The potential distribution of V. uliginosum will vary under different climatic scenarios in the future (the 2070s; Figure 6). Under the SSP2-4.5 scenario, the total suitable habitat will increase by 2.16%. Under the scenarios of SSP1-2.6, SSP3-7.0, and SSP5-8.5, it will be reduced by 0.04%, 2.16%, and 2.90%, respectively; the minimally suitable habitat will decrease by 3.45%, 0.79%, 1.03%, and 6.97%, respectively. The moderately suitable habitat will increase by 4.14% and 3.69% under SSP1-2.6 and SSP2-4.5, and it will decrease by 4.55% and 4.52% under SSP3-7.0 and SSP5-8.5. The highly suitable area will increase by 3.71% under SSP3-7.0, and it will decrease by 2.64%, 1.76%, and 6.86% under SSP1-2.6, SSP2-4.5, and SSP5-8.5, respectively. The highly suitable area will increase by 5.85%, 0.31%, and 9.50% under SSP2-4.5, SSP3-7.0, and SSP5-8.5, and it will decrease by 0.5% under SSP1-2.6 (Table 2).

4. Discussion

With the sharing of global species distribution data and the rapid development of spatial analysis techniques, ecological niche modeling has been developed and applied in many fields of biodiversity conservation. Ecological niche modeling establishes, via known distribution data and relevant environmental variables of species, models that, according to certain algorithmic operations, judge the ecological needs of a species and project the results of the operation onto various times and spaces so as to predict actual and potential species distributions. The model has been increasingly used in the study of invasion biology, conservation biology, the effect of global climate change on species distribution, and the biogeography and spatial spread of infectious diseases [30,31,32,33,35,36,37,38,39]. However, since the beginning of the Industrial Revolution, the impact of drastic changes in the global climate has attracted attention [40,41]. From the beginning of the 20th century to the present, the global average temperature has increased significantly. Warming has been a clear trend in global climate change during this period, and this trend has become increasingly intense since the beginning of the 21st century. Studies have shown that the negative effects of climate warming are higher than the positive effects [22,42].

V. uliginosum often grows in the larch forests on the slopes, at the edges of the forest, in alpine grasslands, in swampy wetlands, and at altitudes of about 900–2300 m. V. uliginosum is extremely hardy and can safely overwinter in −45 °C to 50 °C environments, and it requires a cool environment below 20 °C in summer [43]. The marshlands in which bilberries live can inhibit their transpiration, which causes them to have strong water-retention properties. Snow cover can keep plants warm in the winter, inhibiting the transpiration of plants, reducing and alleviating frost damage caused by soil freezing, as well as accumulating water, and condensing dust in the air to form fine and fertile soil. Therefore, snow cover is essential for the growth of V. uliginosum trees. Dead branches and leaves provide sufficient water for V. uliginosum because they can prevent evaporation and the loss of water and ensure a relatively stable soil temperature.

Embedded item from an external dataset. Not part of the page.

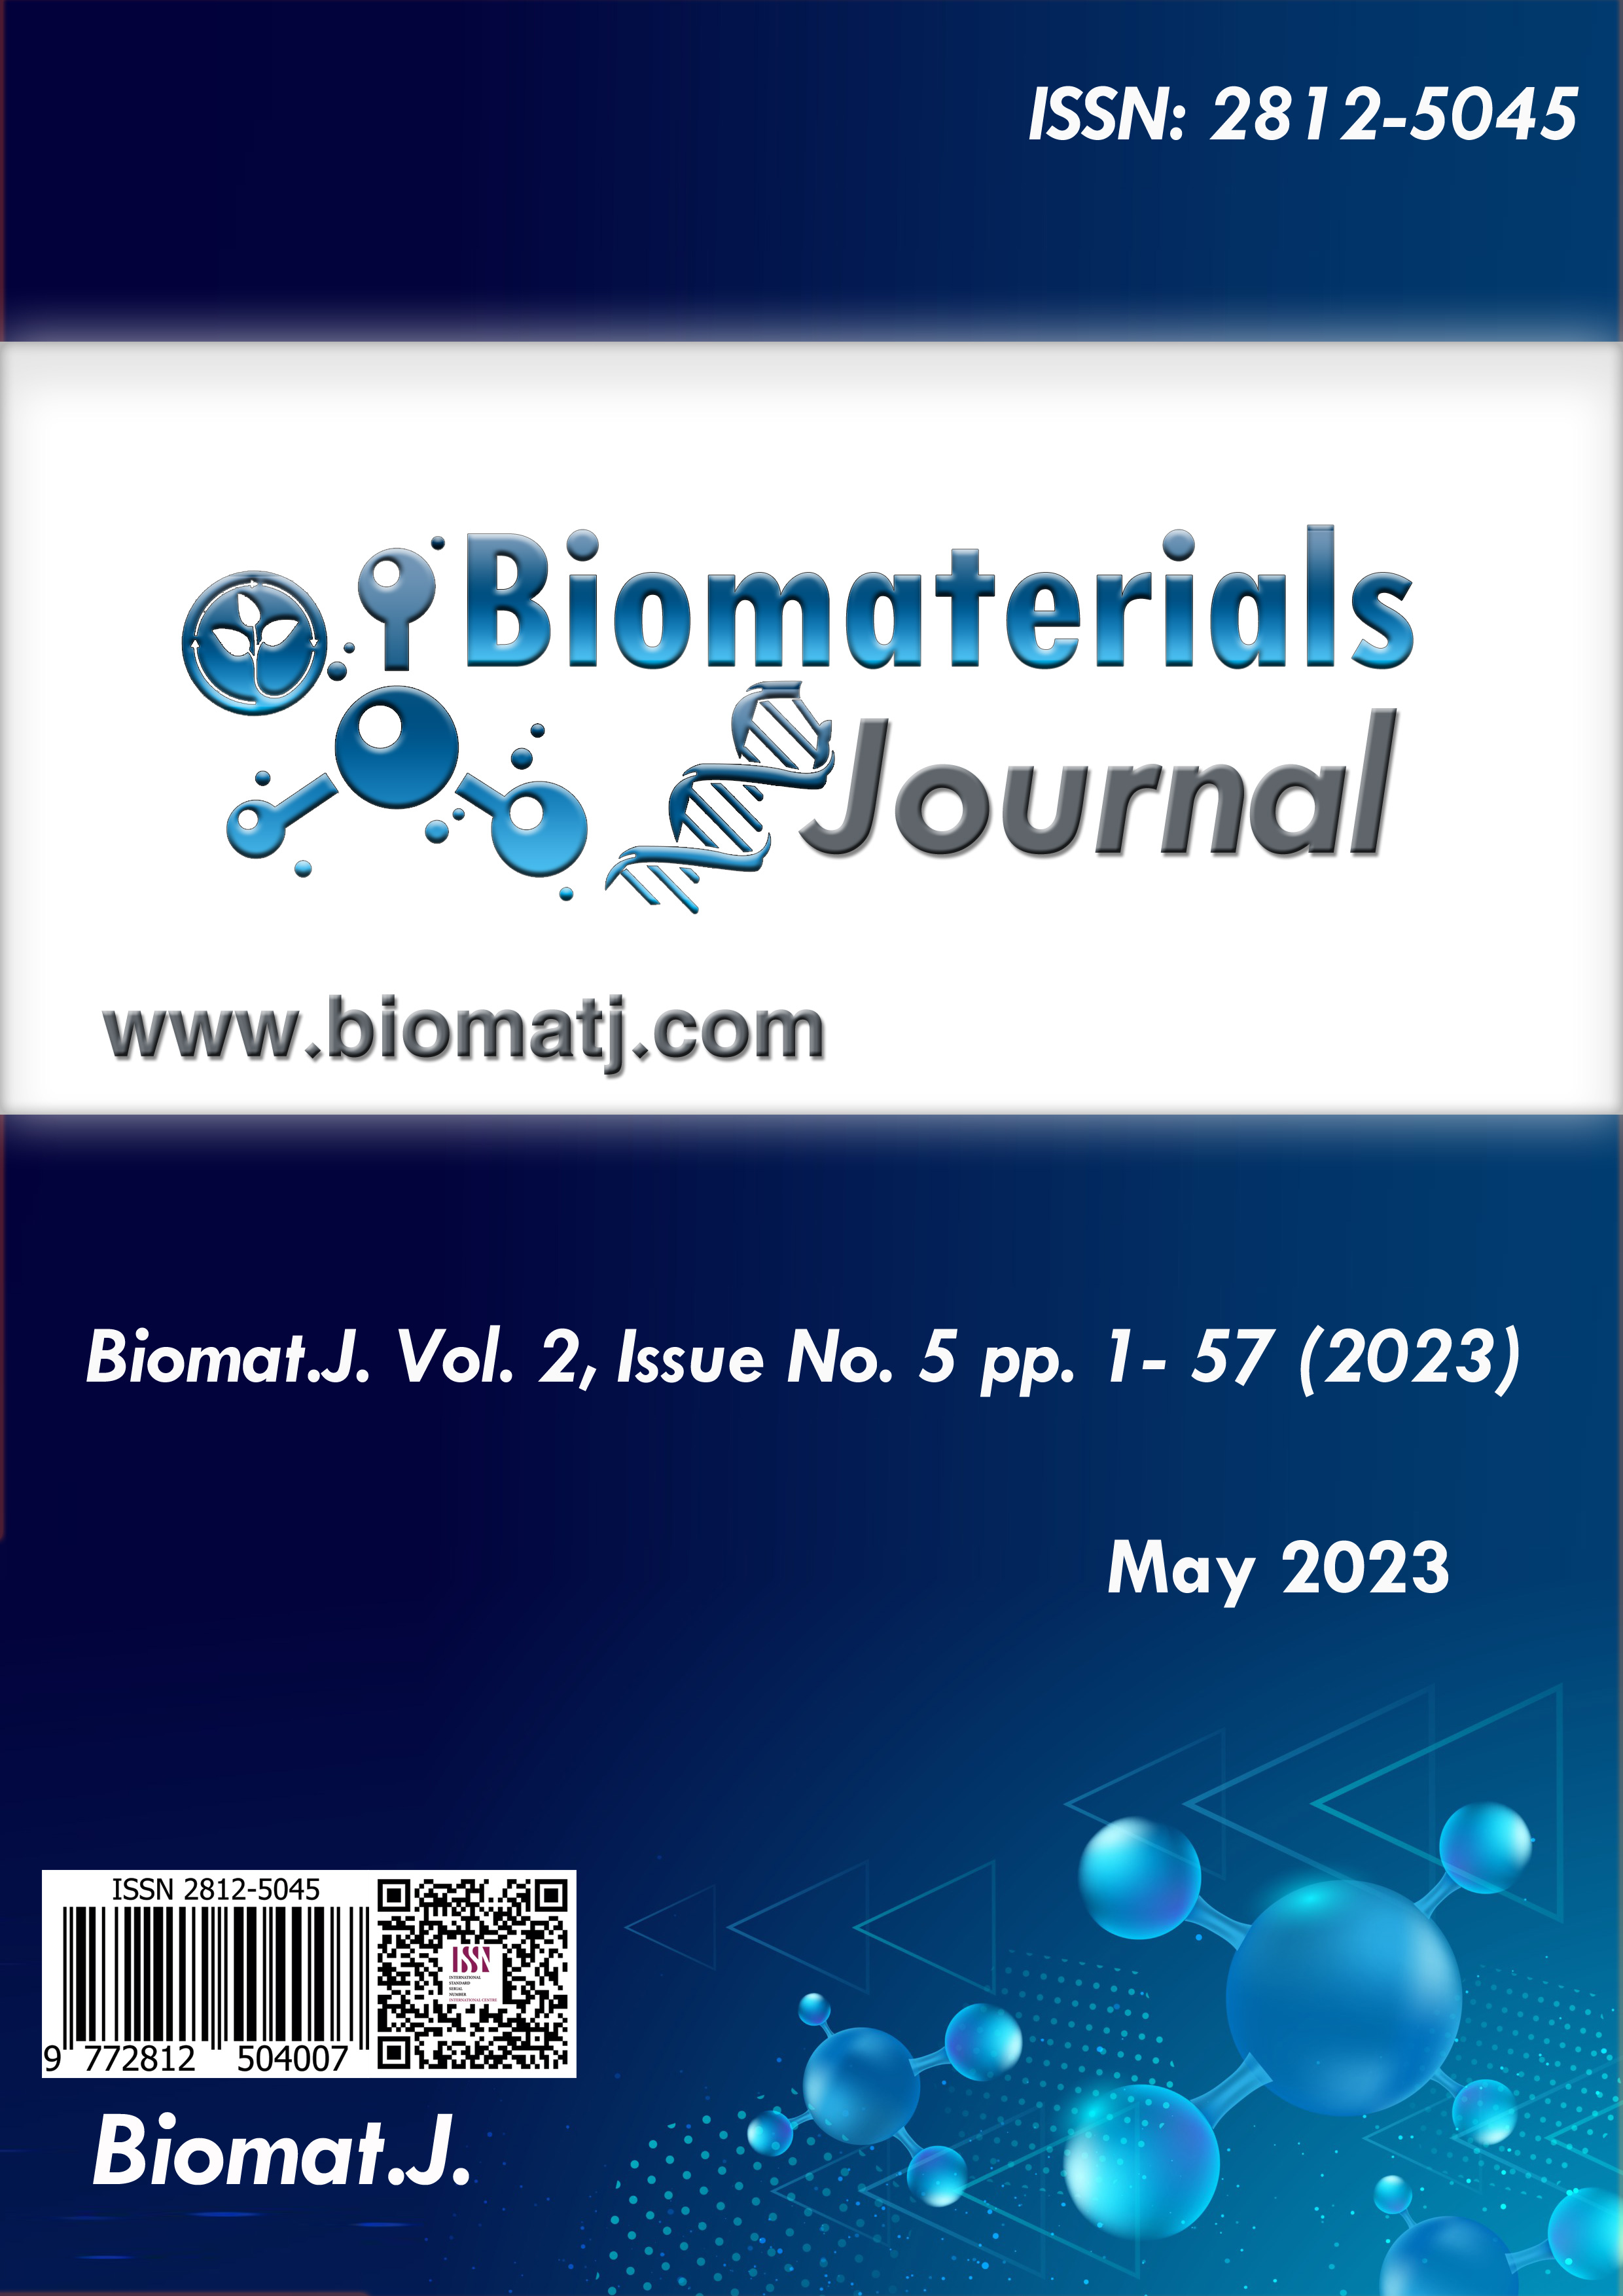 Biomaterials Journal Volume 2, Issue No. 5, May 2023

In this research, the suitable areas of V. uliginosum are mainly concentrated in the Greater Khingan Mountains and Lesser Khingan Mountains. From the geographical environment of the distribution area, the suitable growth area of V. uliginosum has some common characteristics: It is located in the northernmost part of China, with long winters and short summers, and with very few sunshine hours. The Greater Khingan Mountains is also an important climatic zone. The summer marine monsoon is blocked by the eastern slopes of the mountains, with more precipitation on the eastern slope and drought on the western slope. There is an obvious contrast between the two, but the climate of the whole mountain area is relatively humid, with annual precipitation of more than 500 mm. The northern section of the mountain range is the coldest place in eastern China, with severe winters (with an average temperature −28 °C) and a large area of permafrost [44].

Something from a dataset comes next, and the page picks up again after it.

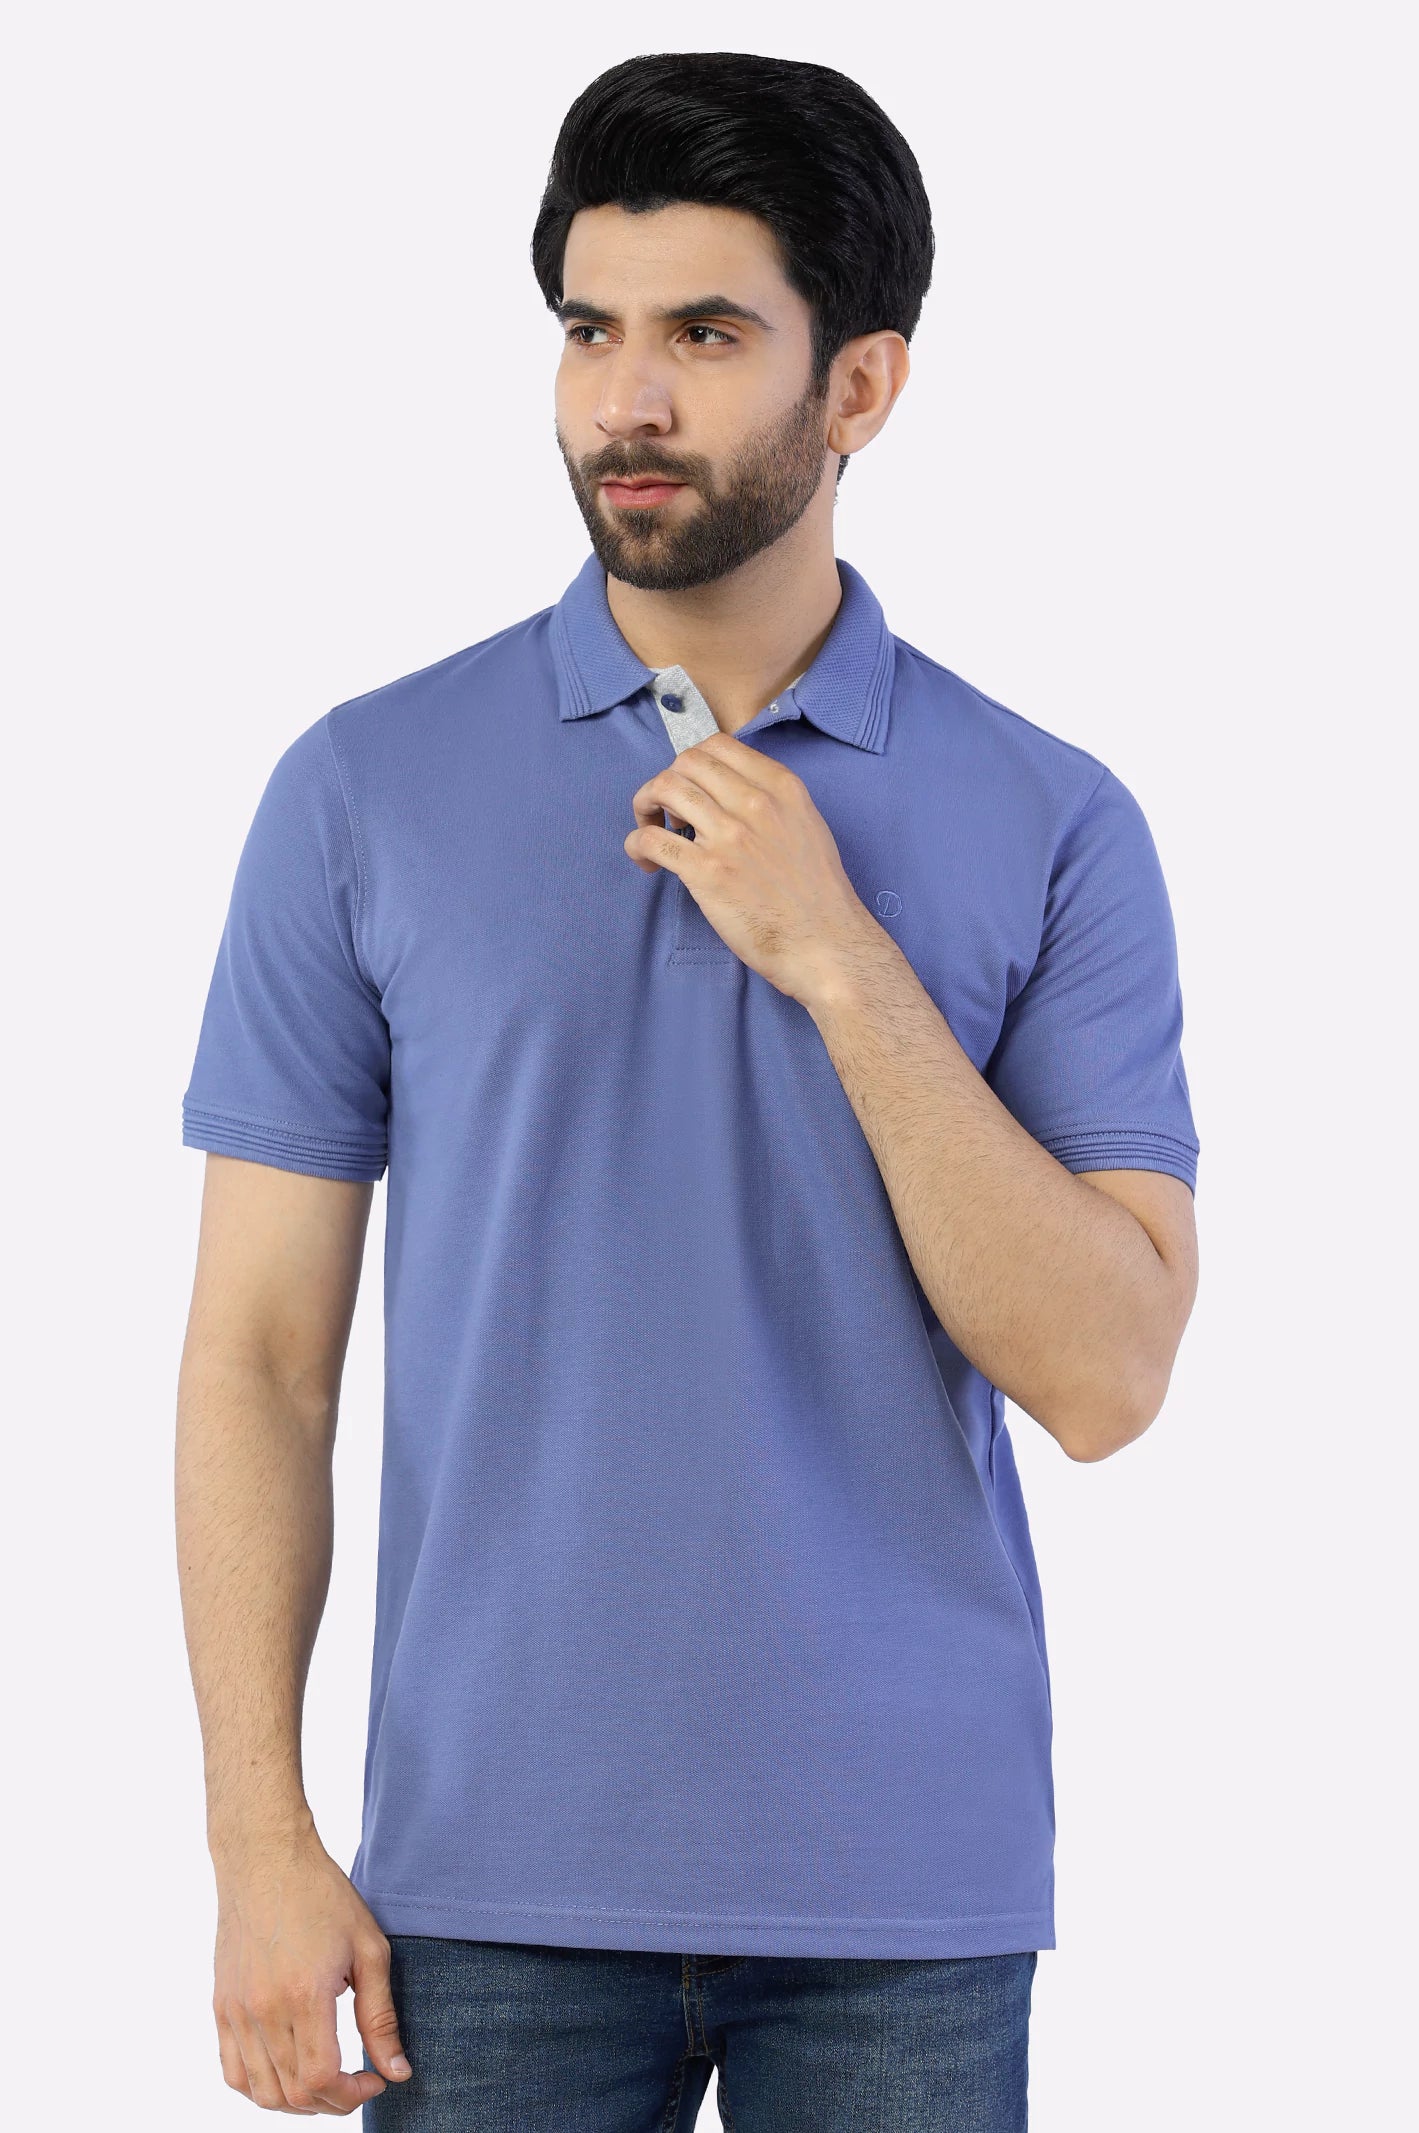 Purple Jacquard Collar Polo From Diners

The contribution rates of climate factors to the prediction results of the model are as follows: BIO07, 35.1%; BIO12, 24.5%; BIO10, 14.5%; BIO19, 7.6%; Ele, 7.3%; Land use, 6%; Sym90, 4.9%; and BIO02, 0.1%. The cumulative contribution rates of BIO07, BIO12, and BIO10 reach 74.1%, suggesting that temperature and precipitation are key factors affecting the distribution of V. uliginosum. Studies show that climate change can influence the distribution of most species [45,46,47]. In this research, the potential distribution of V. uliginosum in China in the predictions of the next two periods (the 2050s and the 2070s) and four greenhouse gas scenarios (SSP1-2.6, SSP2-4.5, SSP3-7.0, and SSP5-8.5) show that the suitable areas for bilberry growth are mainly concentrated in the Greater Khingan Mountains, Lesser Khingan Mountains, and the Changbai Mountains, differing only slightly from contemporarily suitable areas. In this study, under the climate scenario SSP2-4.5 in the 2050s, the area of suitable habitats will increase to varying degrees. The reason for this result may be that the temperature of the extremely cold region, such as the Greater Khingan Mountains, Lesser Khingan Mountains, and Changbai Mountains, has risen due to the warming climate, reaching the adaptation temperature of V. uliginosum. The average temperature in China has risen by 1.1 °C in the past 100 years, which is higher than the global temperature rise. Since the 1980s, the temperature in our country has risen at an increasing rate.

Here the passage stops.